◆ **Task description**:
Go to the line that contains "Memoriale della Victoria" in the listing below, then output it and every line after it exactly, omitting pictures.

◆ **Given information**:

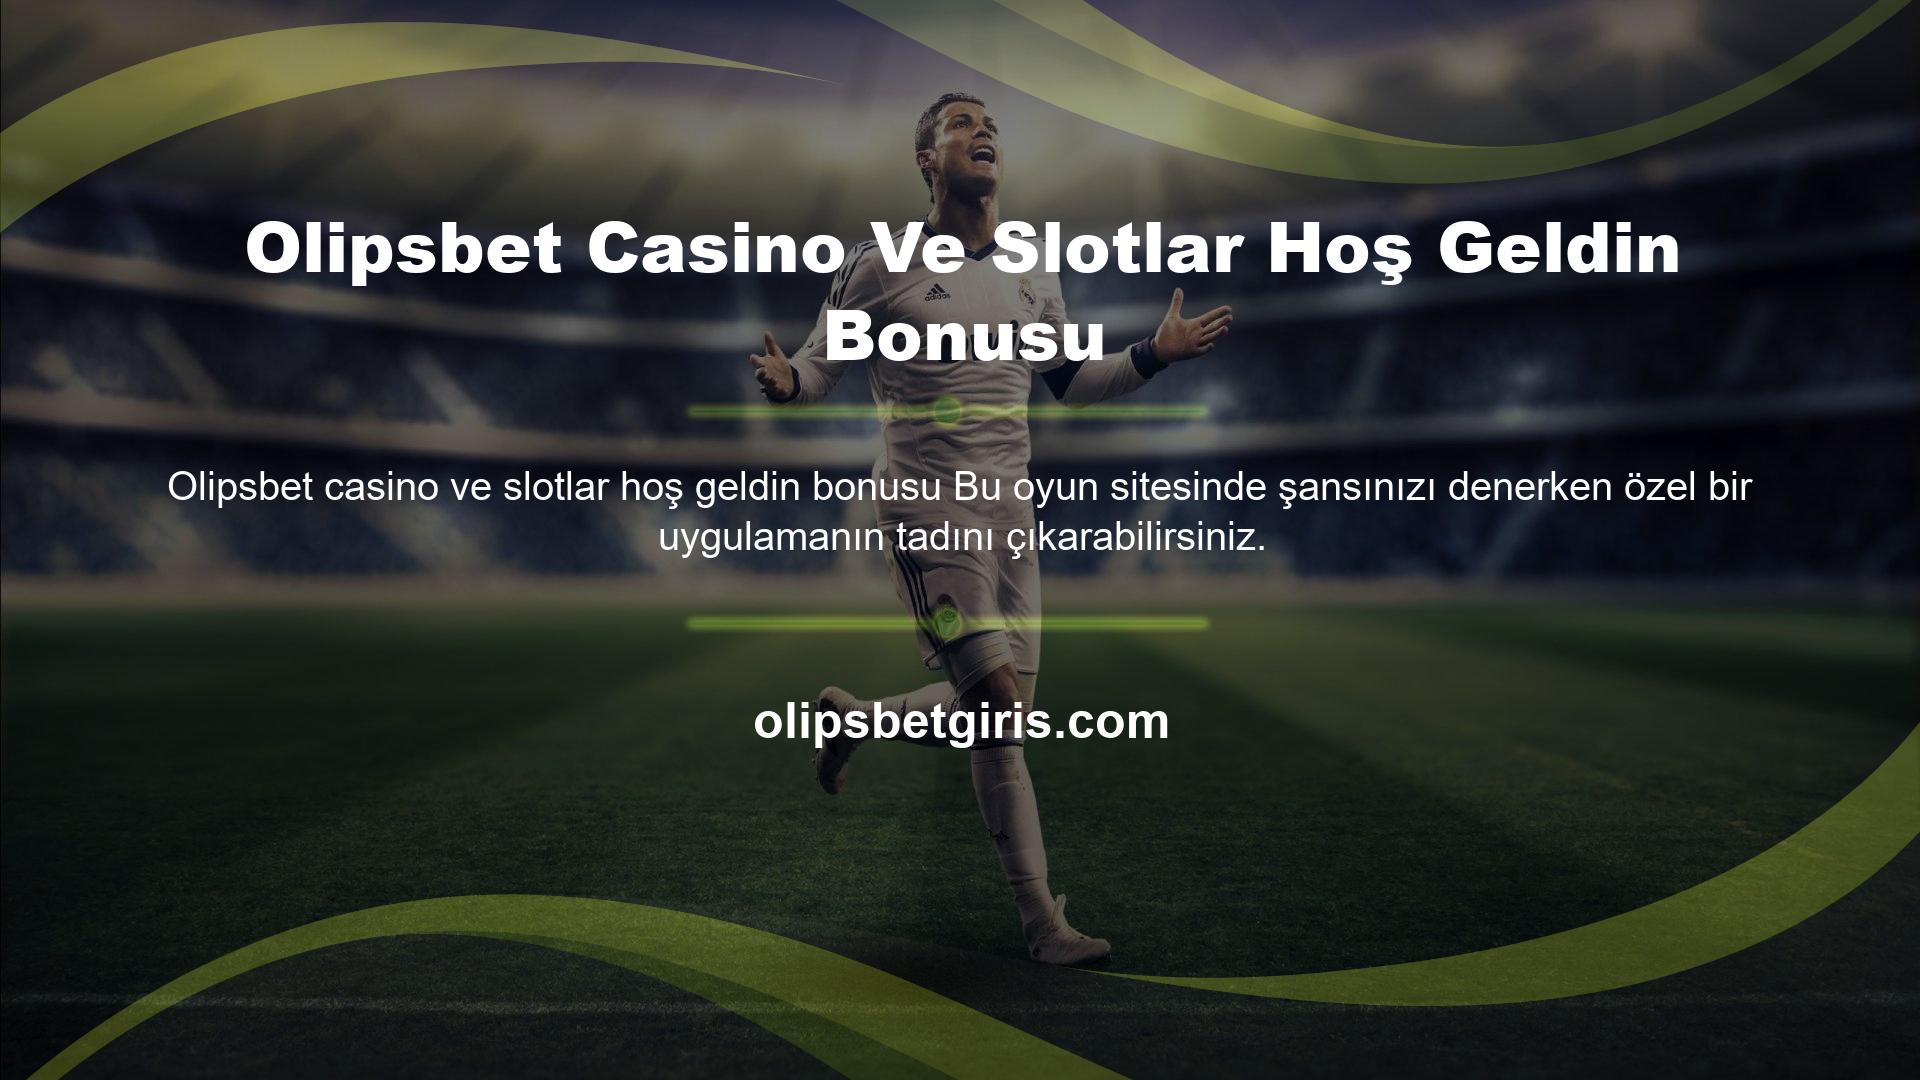 Olipsbet Casino Ve Slotlar Hoş Geldin Bonusu
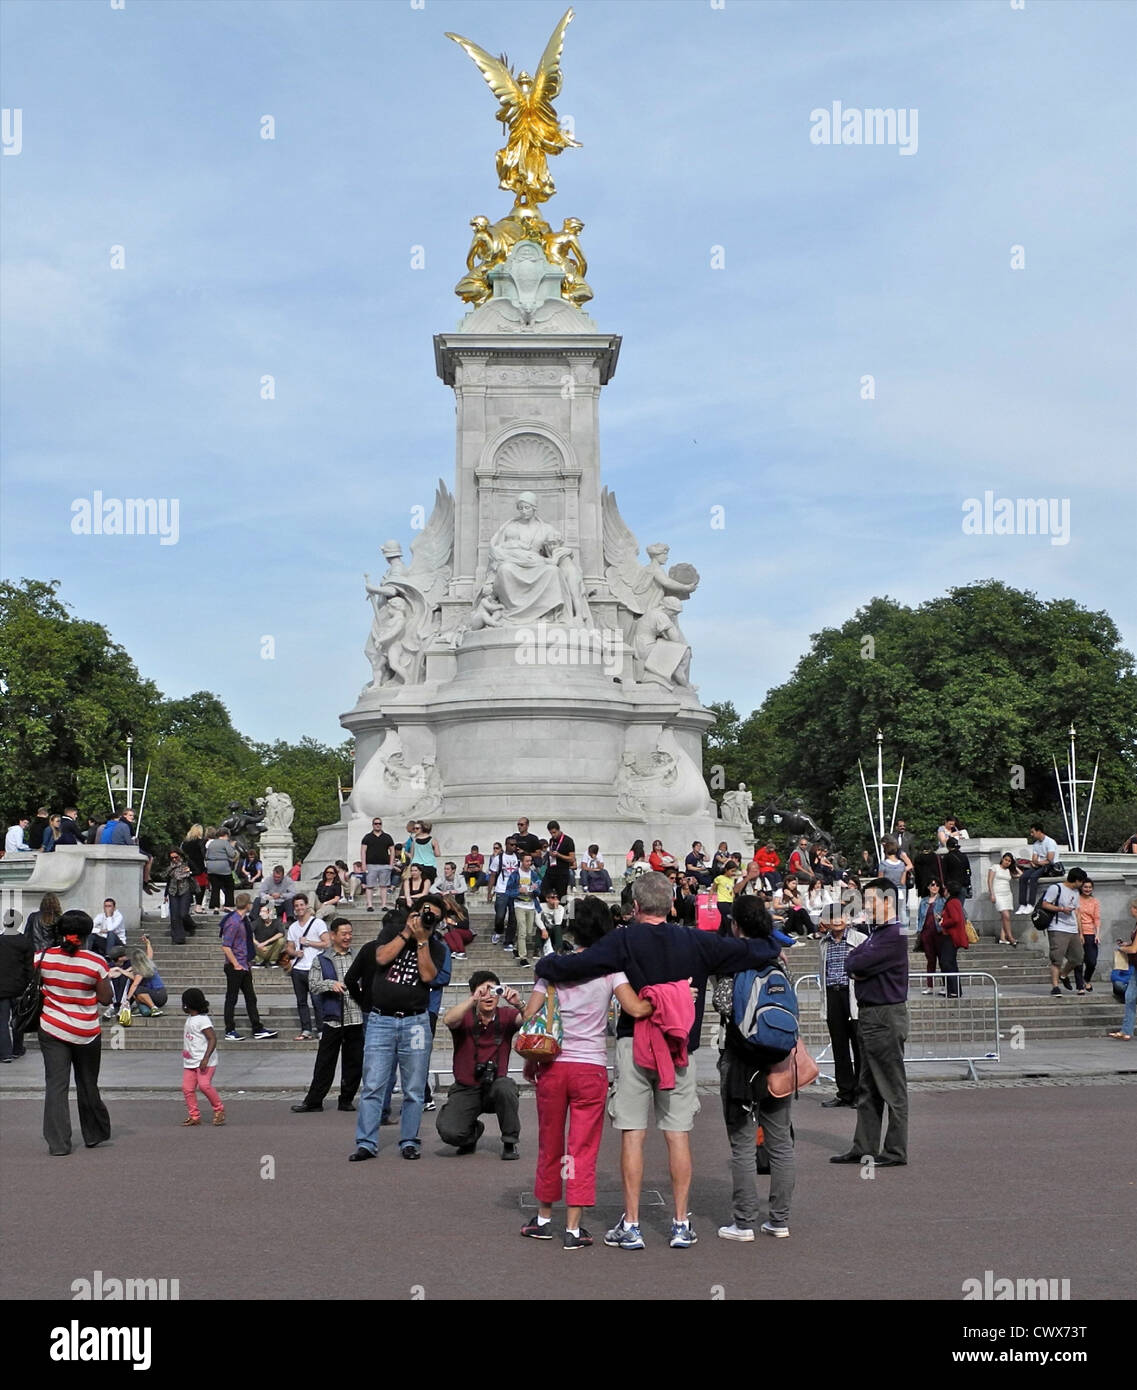 Memoriale della Victoria costruito nel 1913 in onore della regina Victoria si trova di fronte a Buckingham Palace alla fine del Mall London Foto Stock
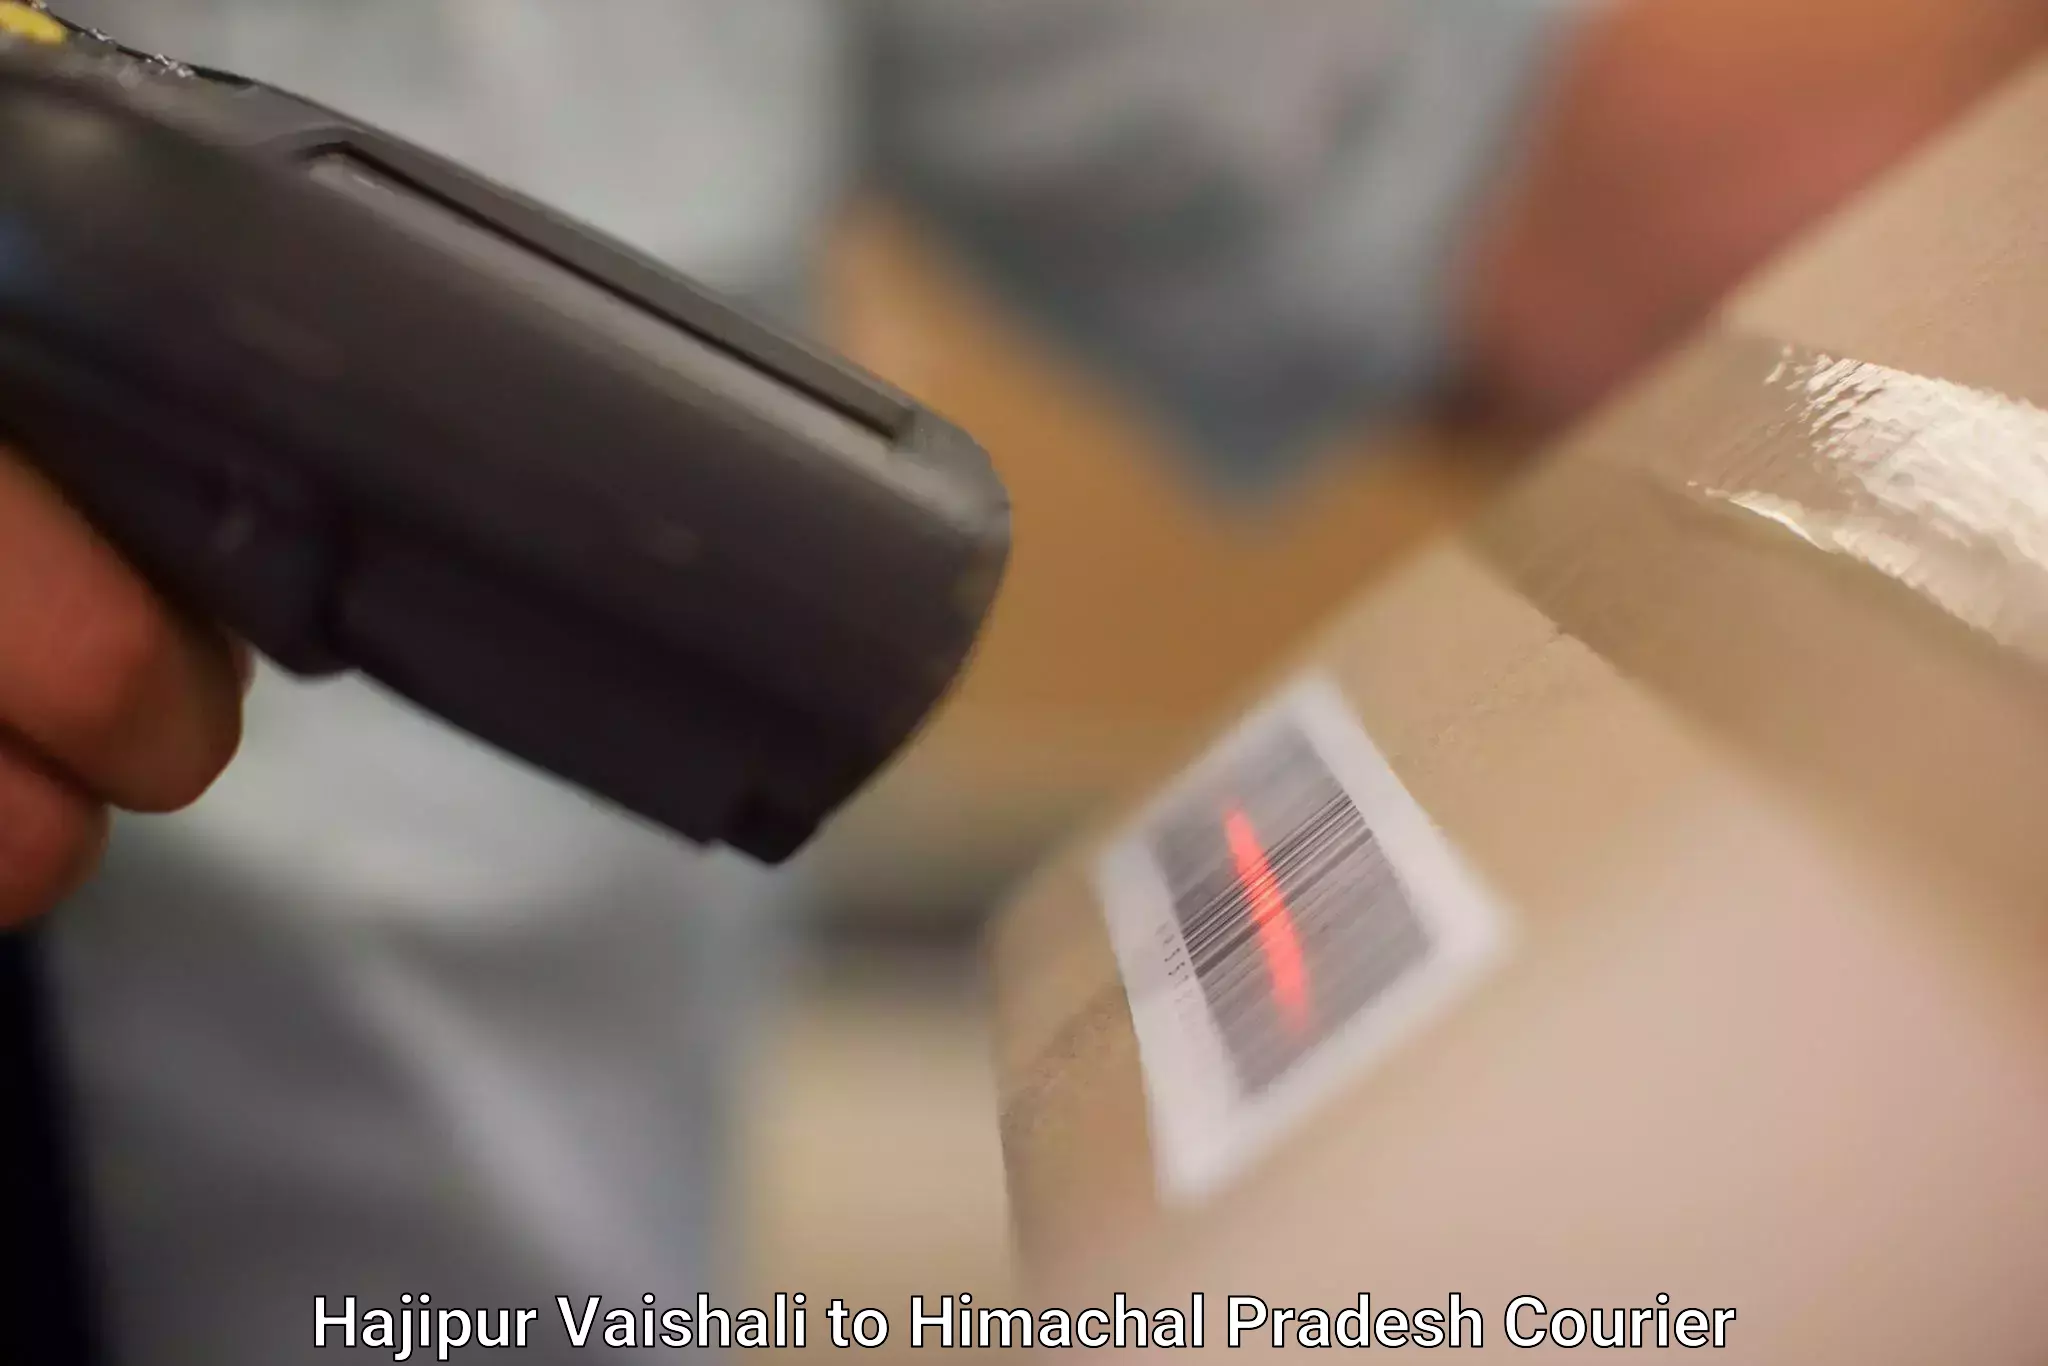 Tech-enabled shipping Hajipur Vaishali to Amb Una

◆ **Expected answer**:
 Memoriale della Victoria costruito nel 1913 in onore della regina Victoria si trova di fronte a Buckingham Palace alla fine del Mall London Foto Stock
 Tech-enabled shipping Hajipur Vaishali to Amb Una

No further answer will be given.